Rising food prices are benefiting meat companies in Brazil, as trade barriers are being lifted and domestic suppliers continue to have relative ease of access to grains used as livestock feed, reported Reuters, citing meat lobby ABPA on Thursday.

Ricardo Santin, ABPA president, celebrated that Brazil was recently authorized to export pork to Canada, and added it aims to sell more types of pork cuts to South Korea, Japan and Chile pending talks with these nations to remove certain sanitary barriers.

"A lot of large global (meat) suppliers are not sure where they will get grains from and at what prices," Santin noted, alluding to the effects of the war in Ukraine, which disrupted global grain trade flows and natural gas supplies into Europe from Russia.

Santin said Brazilian meat processors like BRF and JBS can increase supplies and export more meat to the Middle East and Asia.

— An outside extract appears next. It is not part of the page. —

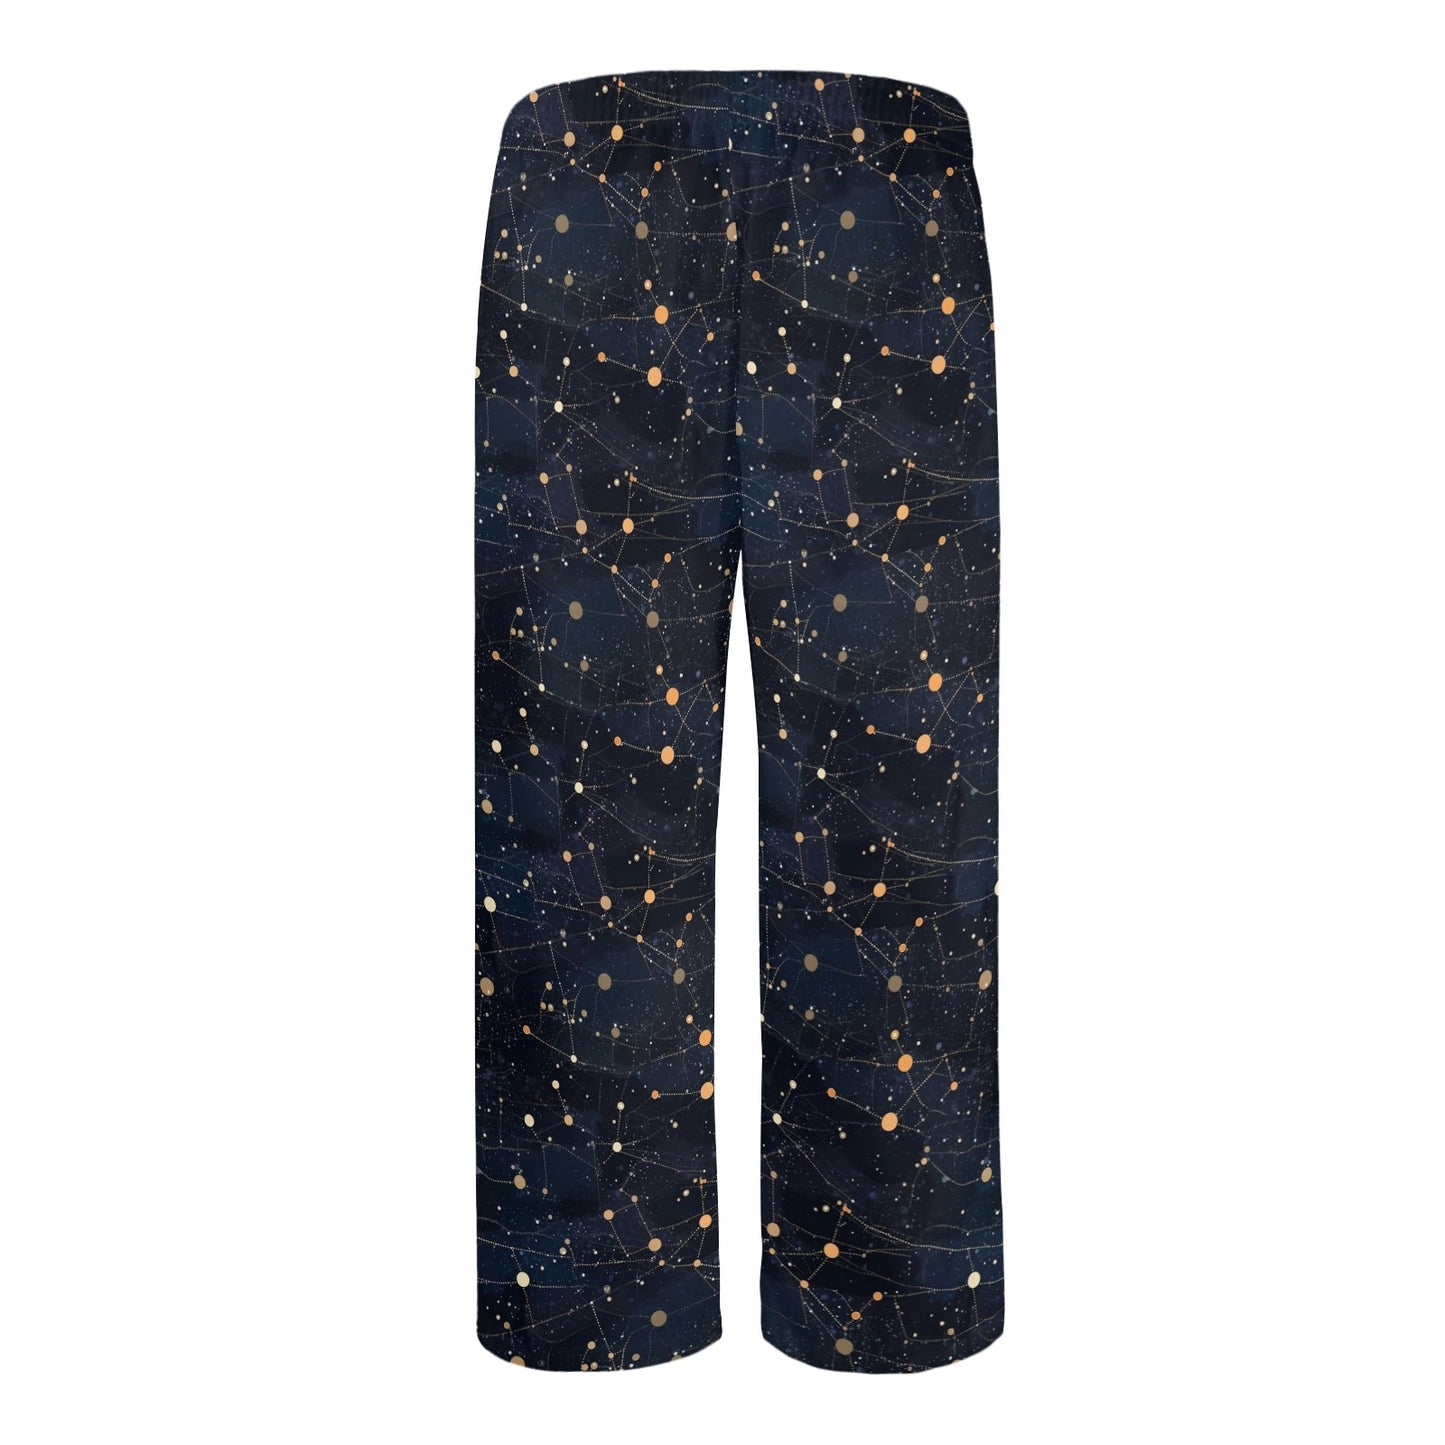 Constellation Men Pajamas Pants, Universe Cosmos Galaxy Space Dark Satin PJ Pockets Sleep Lounge Trousers Couples Matching Trousers Bottoms

He said even though China has bought less pork overall this year, that country will continue to import around 3 million tonnes per year -- more than twice than before the outbreak of African swine fever in 2018.

ABPA projected Brazil will grow poultry output by up to 1% this year and by up to 4.5% in the next. That means national chicken output could reach 15 million tonnes in 2023.

Brazil, the world's biggest chicken supplier, ships about a third of production abroad, Santin said.

For pork, Brazilian companies are poised to increase output by up to 5% this year and by up to 3% in the next.

If confirmed, Brazil's pork production would be 5.1 million tonnes in 2023. Brazil accounts for almost 11% of global pork trade.